Summary and conclusion

This research introduces an innovative Groundwater Pollution Index (GPI) that employs compositional data analysis (CoDa) and robust principal component analysis (RPCA) to advance the assessment of groundwater quality. Utilizing data collected from the groundwater monitoring of sites affected by the 2010–2011 foot-and-mouth disease outbreak in South Korea, this study highlights the effectiveness of CoDa in distinguishing significant hydrochemical differences between leachate-influenced groundwater and unaffected background samples.

The GPI is meticulously developed through a process that involves selecting essential subcompositional parts, specifically NH4+-N, Cl- and NO3--N, using RPCA, conducting isometric log-ratio (ILR) transformation to address the compositional nature of hydrochemical data, and normalizing these results in accordance with environmental standards.
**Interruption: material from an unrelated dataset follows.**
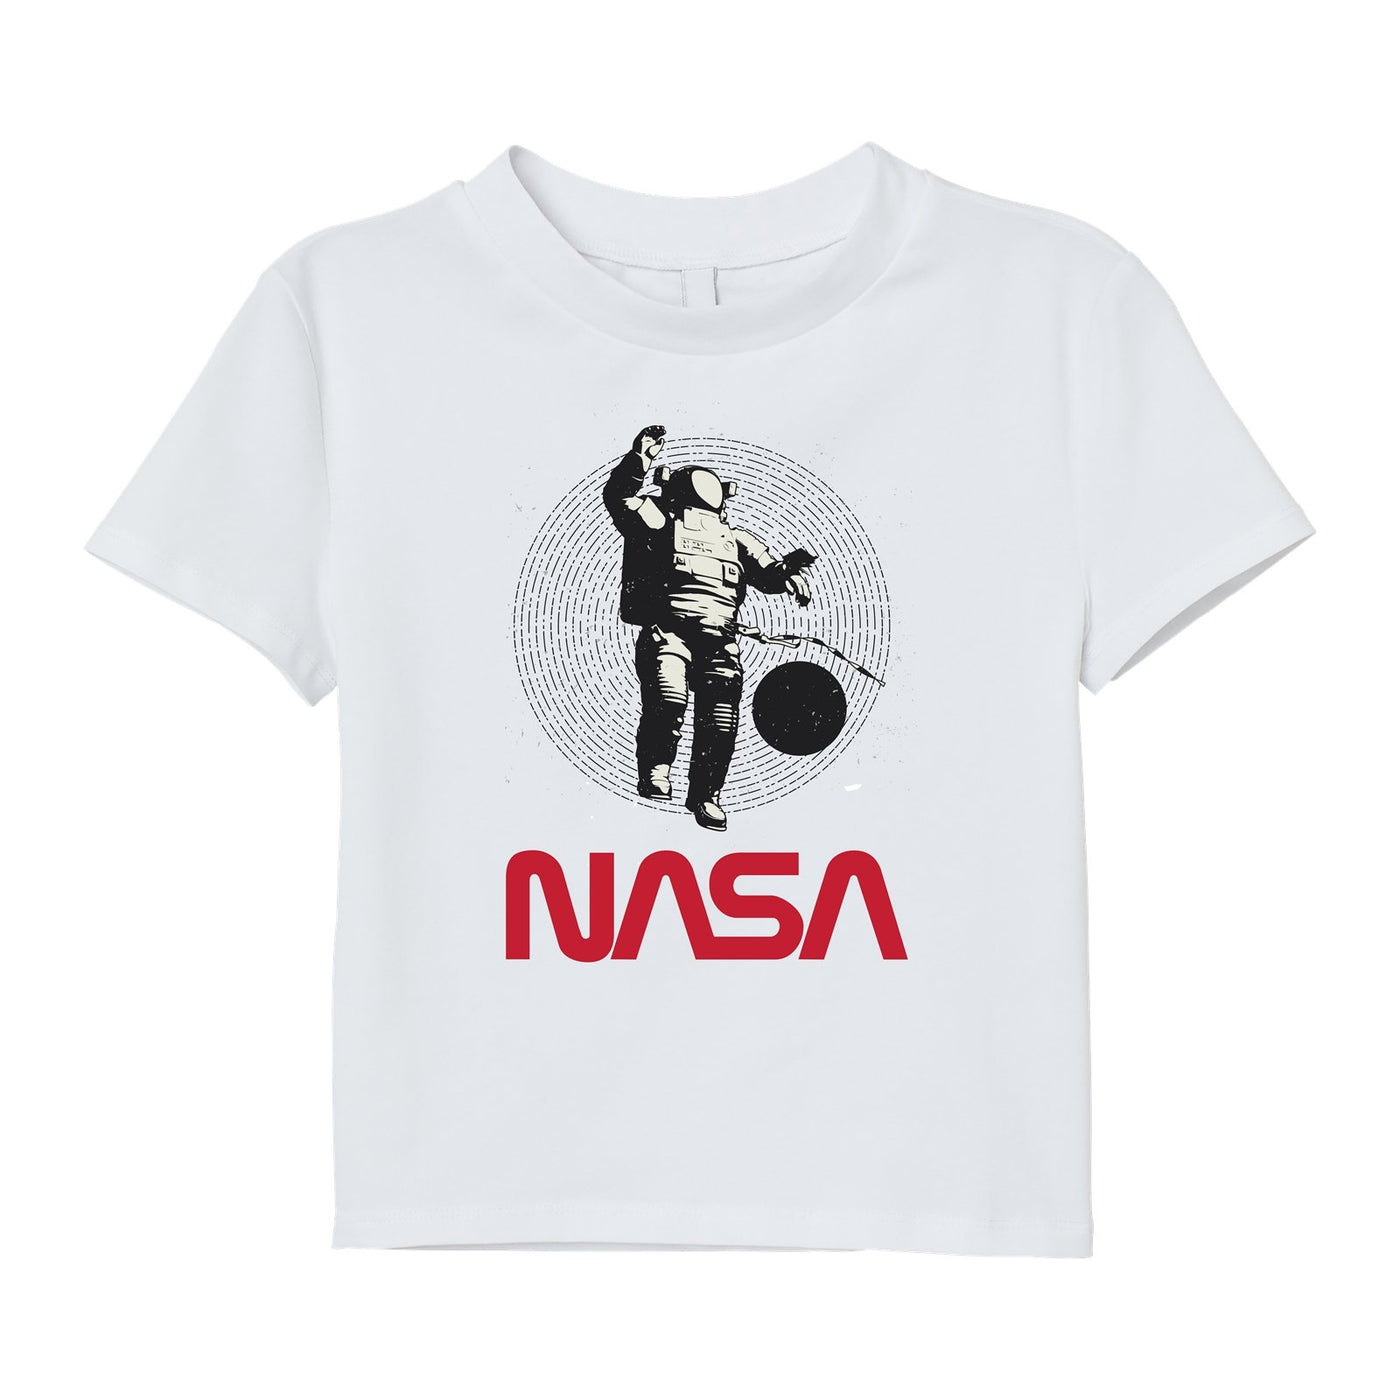 Bild: T-Shirt Kinder - NASA Astronaut (Retro) Geschenkidee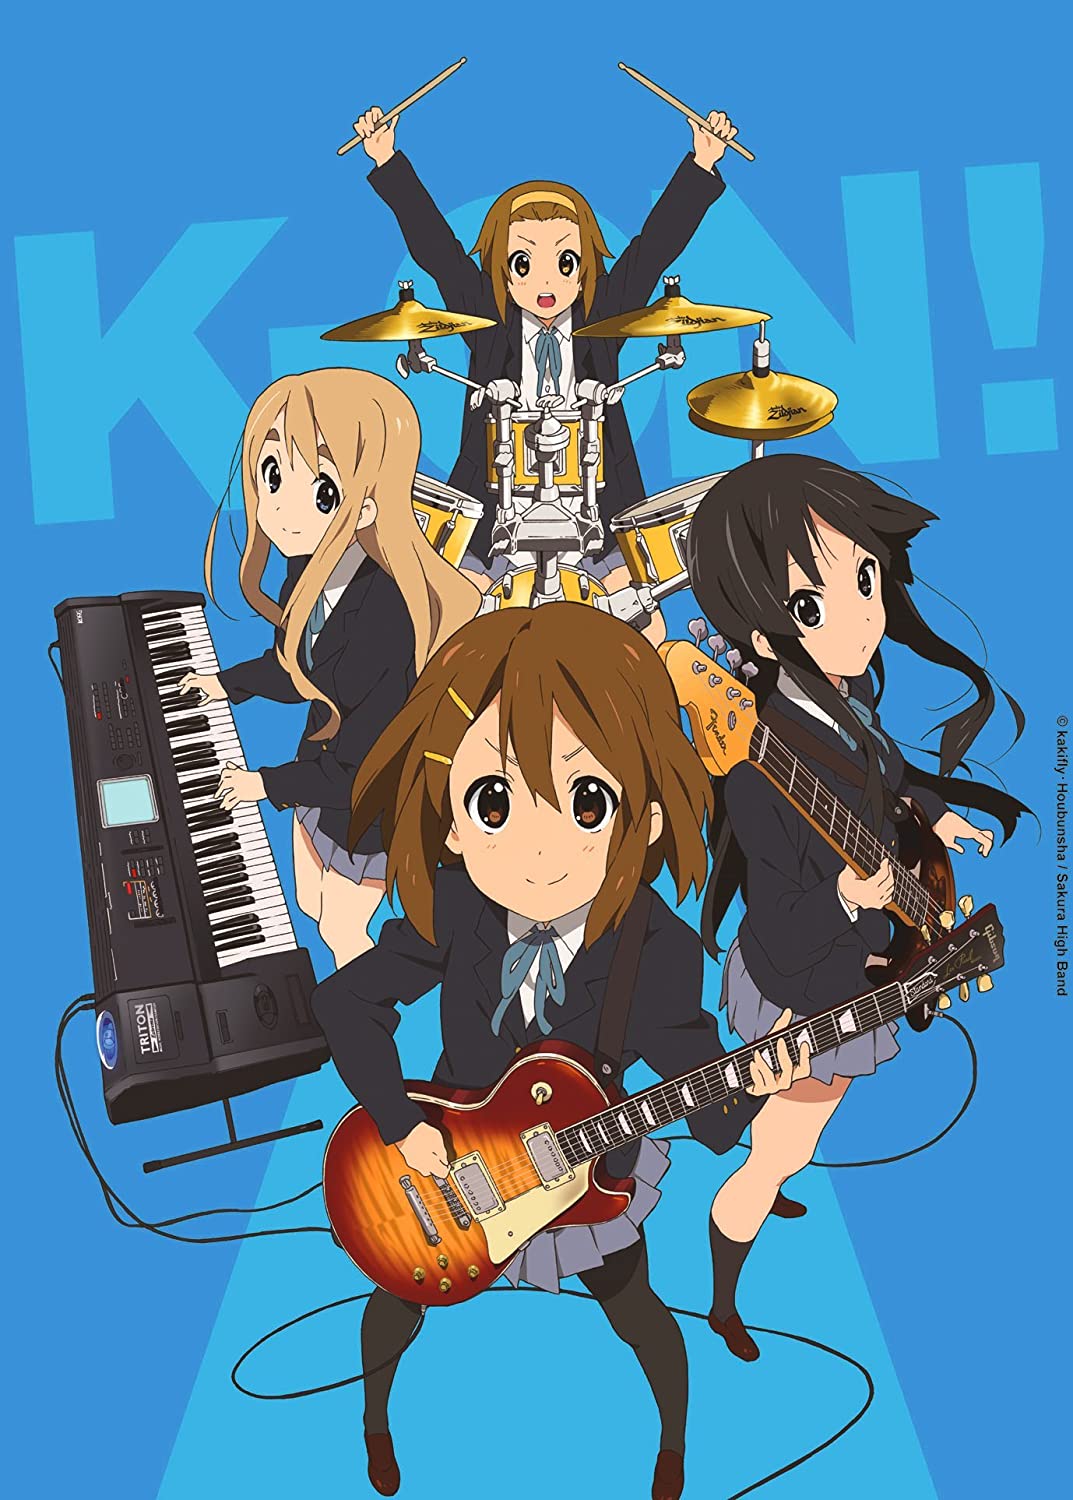 K-ON! - ANISON.FM - anime radio #1 in the world

The validation of the GPI against established government criteria, supported by receiver operating characteristic (ROC) curve analysis with an area under curve (AUC) of 0.78 underscores its potential as a robust alternative tool for groundwater pollution assessment. With a sensitivity of 0.67 and specificity of 0.88, the GPI effectively distinguished between contaminated and uncontaminated groundwater samples.

A significant contribution of this study is the emphasis on the importance of CoDa, particularly the ILR transformation, in overcoming the methodological limitations (i.e., outlier and data closure) of traditional statistical methods that often overlook the relative nature of hydrochemical data. This approach significantly enhances the accuracy and reliability of groundwater quality assessments. The proposed GPI aligns with existing environmental standards while serving as a more precise and reliable assessment tool, providing a robust framework for effective monitoring and management of groundwater resources. This is crucial for policy decision-making and environmental management, contributing to the protection and sustainable management of groundwater resources. Furthermore, the methodology and results of this study provide essential groundwork for future research and policy development. Researchers can build upon this work to conduct new studies and further refine the GPI, advancing the field of groundwater quality assessment.